В переднем углу едва теплилась лампада, дрожащее пламя её робко касалась лика Николая Угодника, скорбного, потемневшего от времени и копоти, — икона была установлена в самом центре. Другие, помельче, расходились от главной вправо и влево по стенам.

Потом Есенин увидел мать[3]. Она сидела на лавке, опершись локтем о край стола. Он всегда испытывал чувство восторга, когда встречал мать. Она была статная и красивая. Рядом с ней, еле доставая одной ногой пола, бочком приткнулась сестрёнка Катя[4]; её глаза горели от любопытства...

Мать смотрела на него с любовью и осуждением. Затем подошла, тихонько тронула волосы.

   — И в кого ты уродился, уж и не знаю...

Сын ответил беспечно:

   — В папашу, наверно. А то так в деда.

   — В деда! — весело откликнулся старик. — В кого же ещё!

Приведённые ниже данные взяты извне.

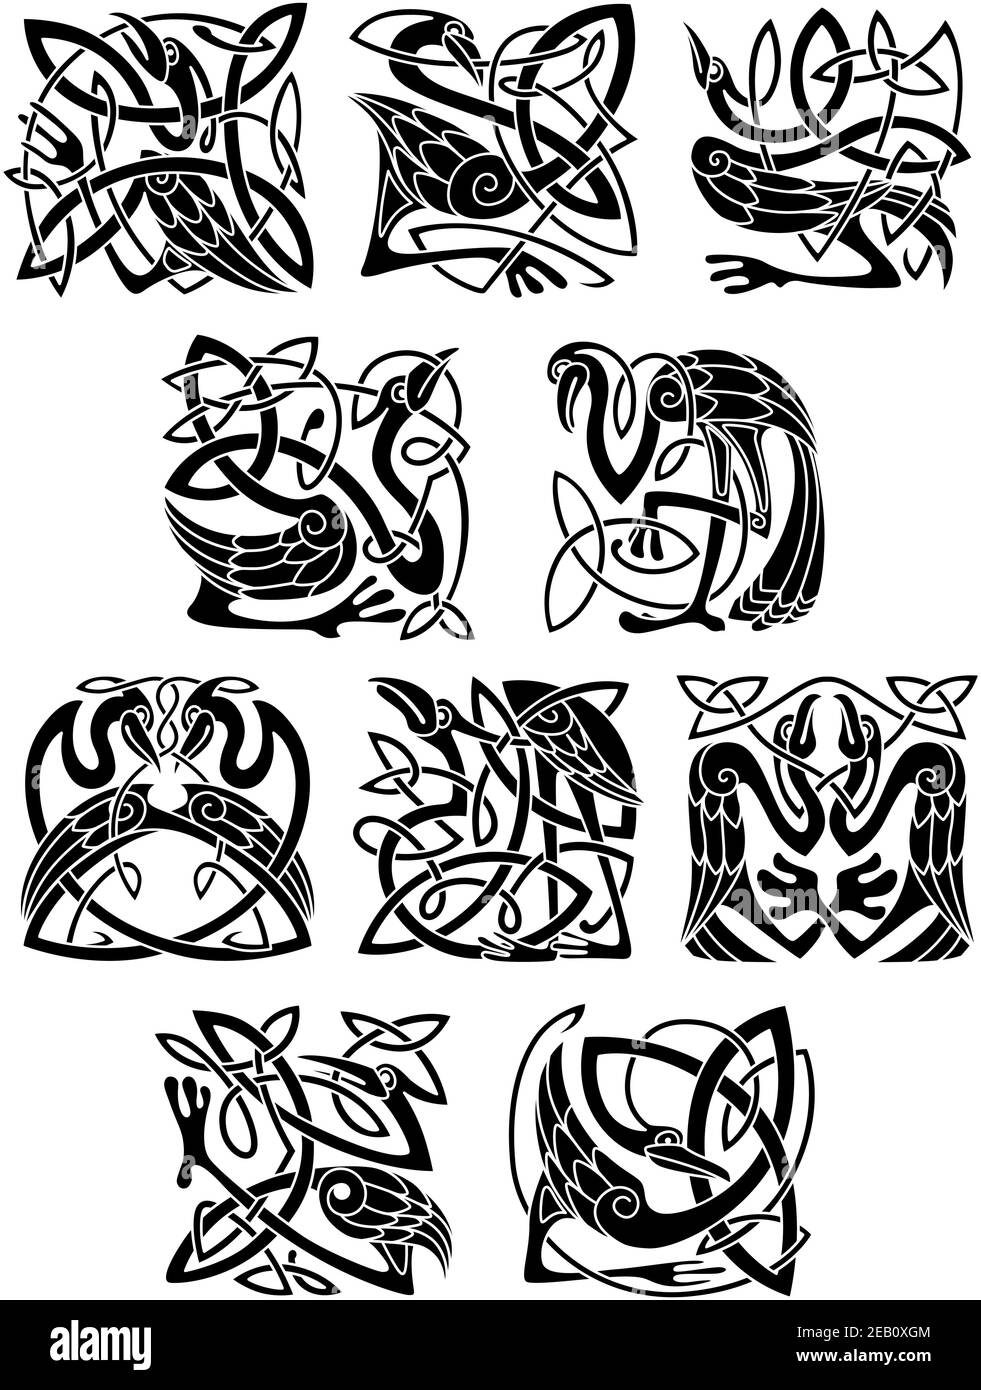 Reiher, Storch- und Kranichvögel in keltischen Mustern, Ornamenten und Dekorationen Stock Vektor

Бабушка тоже подошла, стала рядом с матерью.

   — Оживел, гляди-ко! Будто и не маялся в лихоманке.

   — Слава тебе. Богородица, — прошелестели странницы, приютившиеся в тёмном углу. — Оживел!

Есенин ждал от матери того главного вопроса, которого побаивался, и напряжённо придумывал ответ, убедительный и веский. И неизбежный вопрос этот раздался:

   — Чего же ты натворил, Серёжа! — Поражали не слова, а печаль, звучащая в них; ему хотелось тут же покаяться. — Сбежал из школы... как зайчишка какой-то. И не стыдно тебе?

   — Школу закрыли, мама, — сказал он с наигранной беспечностью. — Карантин!

   — Зачем обманываешь? Ты никогда меня не обманывал.

Есенин заговорил резко, возбуждаясь собственной решимостью:

   — Я больше не вернусь туда, там стригут наголо. На деревенских глядят свысока, драться лезут. И вообще не поеду. Не хочу учиться... в этой школе.

   — Что же ты собираешься делать, сынок? Тебе уже шестнадцатый идёт.

Он не придумал ответа, потому что не знал, что же ему действительно делать сейчас. Выпалил первое, что пришло в голову:

   — Буду жить в селе. Работать в поле. Женюсь... со временем.

Мать усмехнулась коротко, с горечью.

   — В селе тебя не удержишь, я знаю...

Сестрёнка Катя обрадовалась:

   — Не езди туда, в эти Спас-Клепики, Серёжа! Там плохо. Кругом вода, ещё утонешь.

   — А ты сиди и помалкивай, — сказала ей мать. — Что же мы напишем отцу, сынок?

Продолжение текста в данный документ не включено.